Dopo aver constatato che tutti i diritti sanciti dall’art. 7 della Carta erano in gioco, la Cour ha proseguito il suo esame per determinare se la violazione di tali disposizioni fosse conforme ai principi fondamentali di giustizia. Non esiste alcun elenco esaustivo di tali principi, ma, in primo grado, il giudice aveva menzionato il principio della portata eccessiva e della natura totalmente sproporzionata come elementi venuti meno nella sentenza Rodriguez. La Corte ha ricordato che si può considerare che una legge abbia una portata eccessiva quando nega i diritti in maniera generalmente favorevole alla realizzazione del suo oggetto, ma “va troppo lontano” nel negare i diritti di alcune persone in una maniera che non abbia alcun rapporto con l’obiettivo della legge (par. 85). Dopo avere sottolineato che l’oggetto del divieto era quello di impedire che le persone vulnerabili fossero incitate a suicidarsi in un momento di debolezza (par. 78), ha stabilito che tale divieto aveva una portata eccessiva, in quanto impediva, non solo alle persone vulnerabili di suicidarsi, ma anche a tutte quelle persone che, come la signora Taylor, sono capaci, ben informate e libere da ogni tipo di coercizione o costrizione.
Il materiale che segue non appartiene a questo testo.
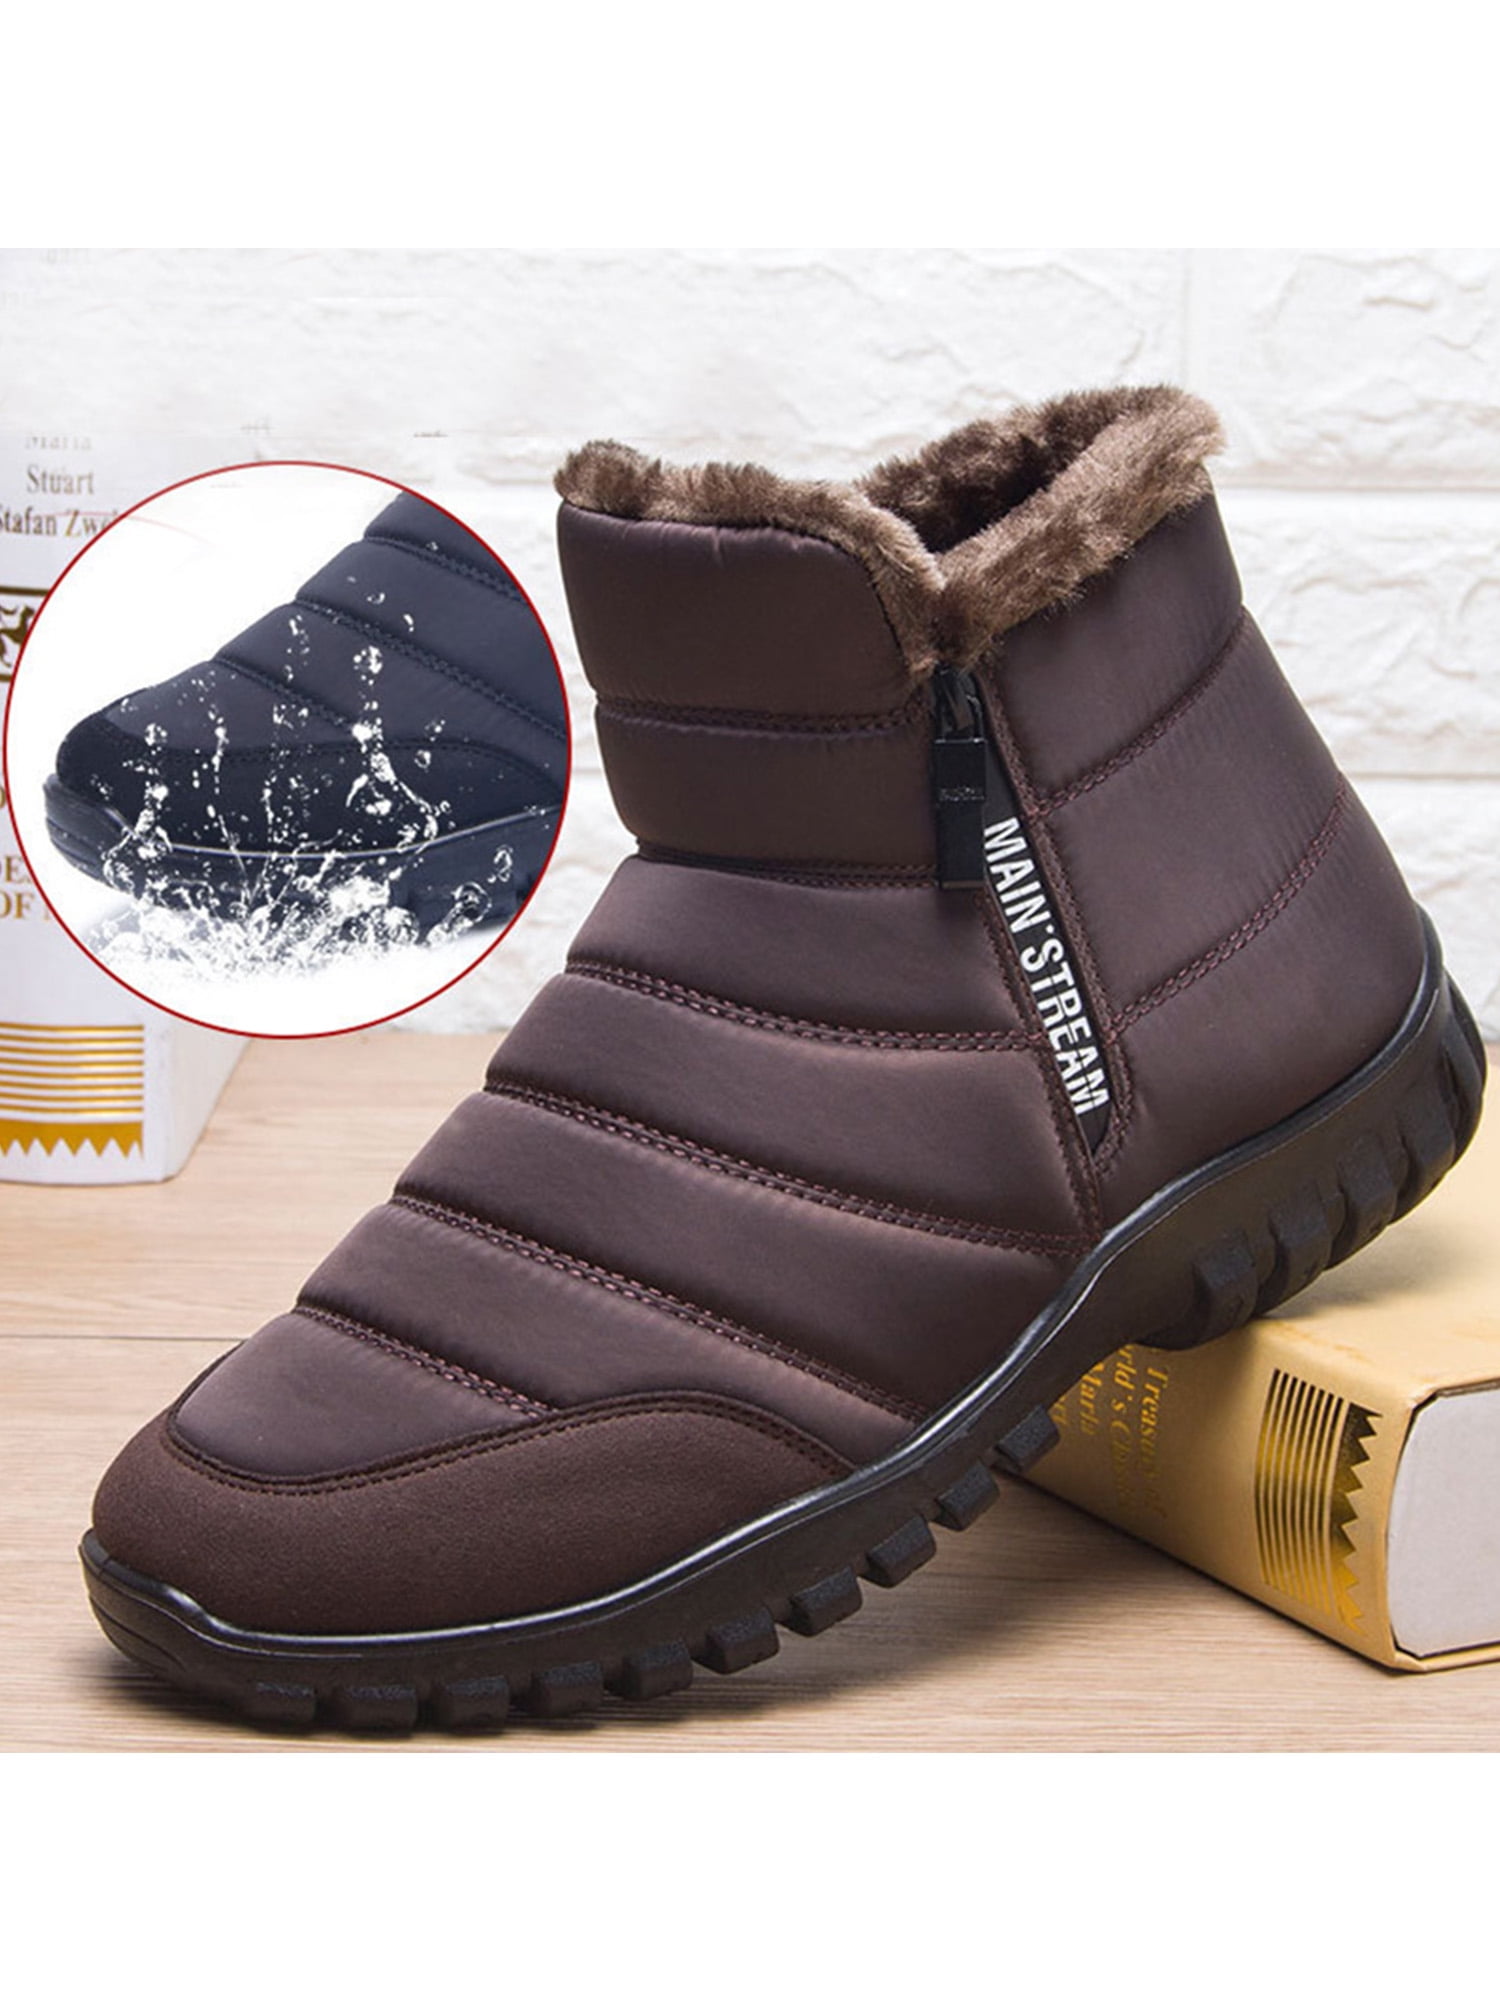 Men Winter High Top Ankle Boots Shoes Walking Sports Snow Ski Non-slip Casual D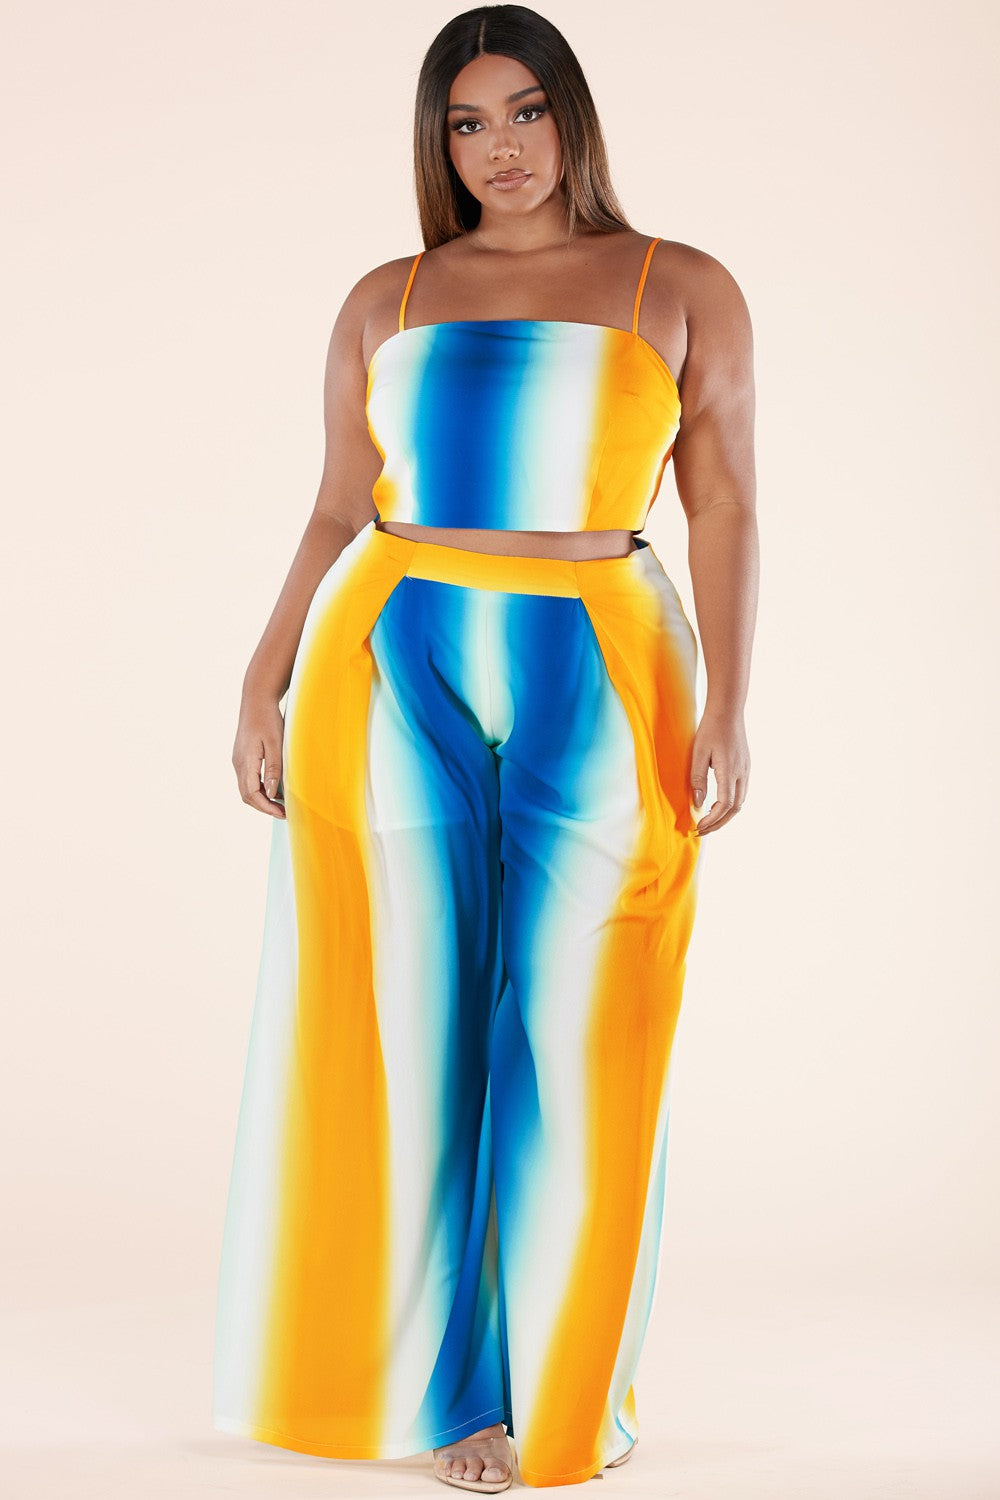 Plus Size 2-Piece Set Crop Top and Wide Leg Pants in Blue and Yellow

I giudici hanno infine considerato che la violazione dell’art. 7 non costituiva una violazione minima, il che significava che l’obiettivo ricercato dal paragrafo 241b) avrebbe potuto essere raggiunto, in larga misura, senza prevedere un divieto generale, ma consentendo, di fatto, ad alcuni soggetti di ricorrere all’aiuto di un medico per morire. Nello specifico, la Cour ha ricordato che la prova presentata in prima istanza indicava che un regime permissivo che comportasse garanzie adeguatamente concepite ed applicate poteva proteggere le persone vulnerabili contro gli abusi e gli errori (par. 105). Infine, avendo concluso per la violazione

dell’art. 7, i giudici hanno precisato che non vi era bisogno di esaminare se sussistesse una violazione dell’art. 15.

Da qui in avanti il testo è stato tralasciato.